DATA FOR THIS EXERCISE
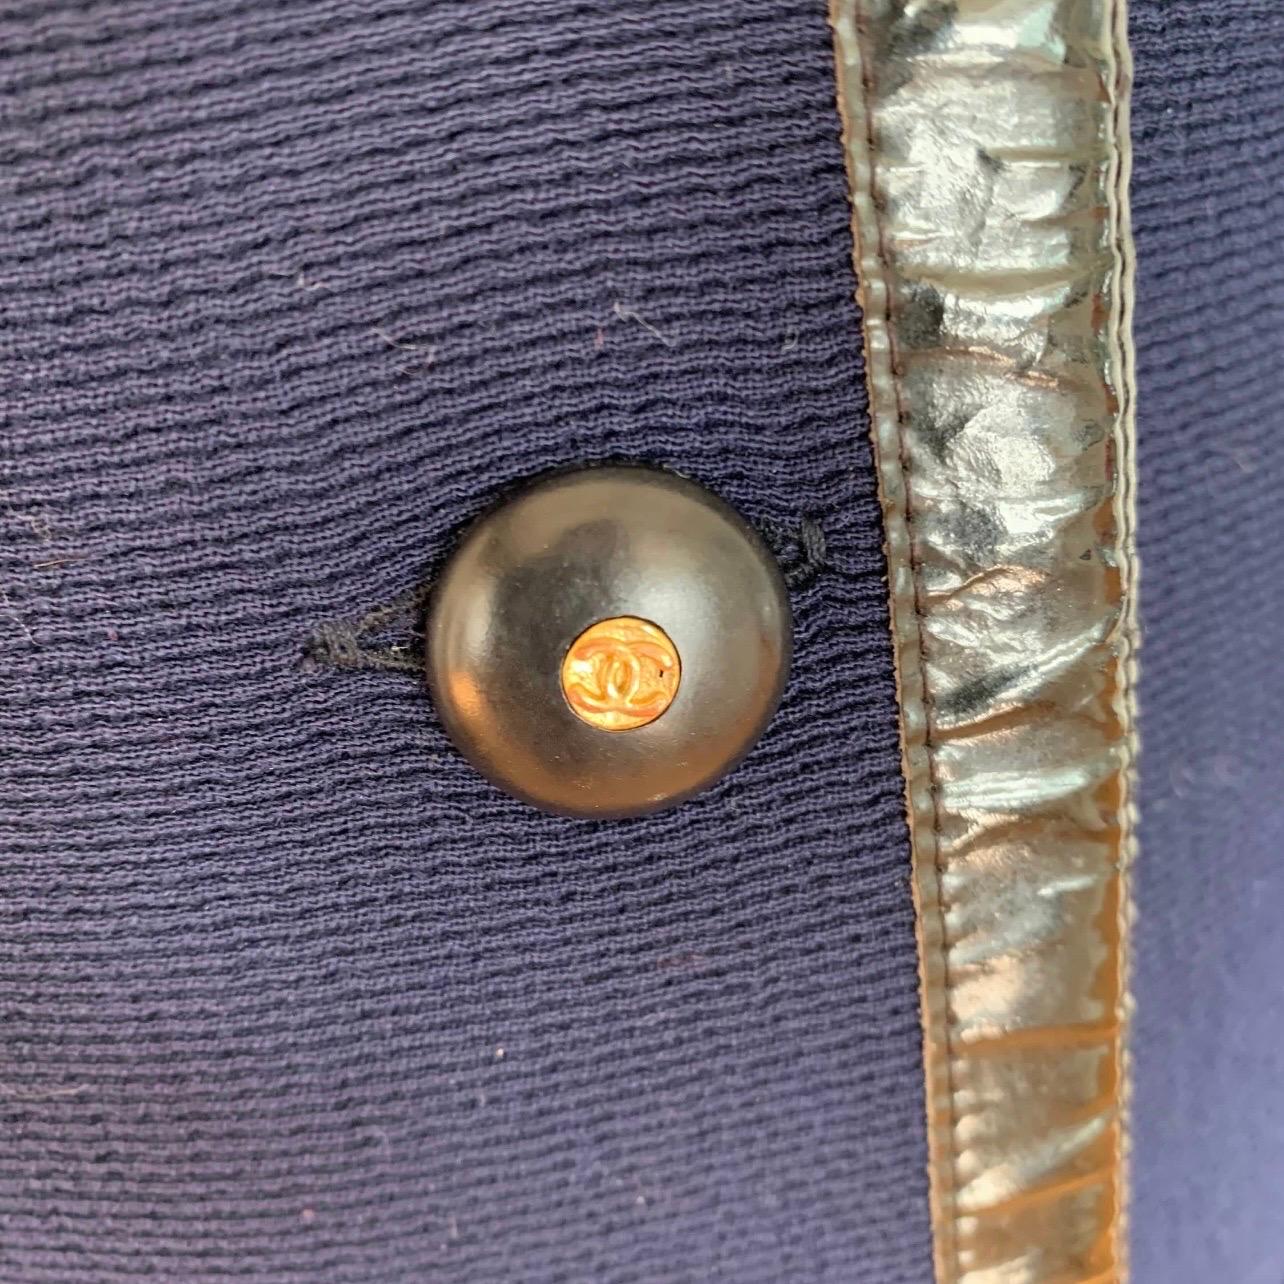 Vintage CHANEL Boutique long blue and black wool coat with CC logo buttons.🖤

Excellent condition!

size: 44/ 4-8 depending on desired fit
fabric: wool 
bust: 19
length: 38
sleeve 23.5

Blue and black wool coat, features 12 cc logo buttons up the

YOUR GOAL
Without the pictures, give every line above again exactly.

ANSWER FOR THIS EXERCISE
 Vintage CHANEL Boutique long blue and black wool coat with CC logo buttons.🖤

Excellent condition!

size: 44/ 4-8 depending on desired fit
fabric: wool 
bust: 19
length: 38
sleeve 23.5

Blue and black wool coat, features 12 cc logo buttons up the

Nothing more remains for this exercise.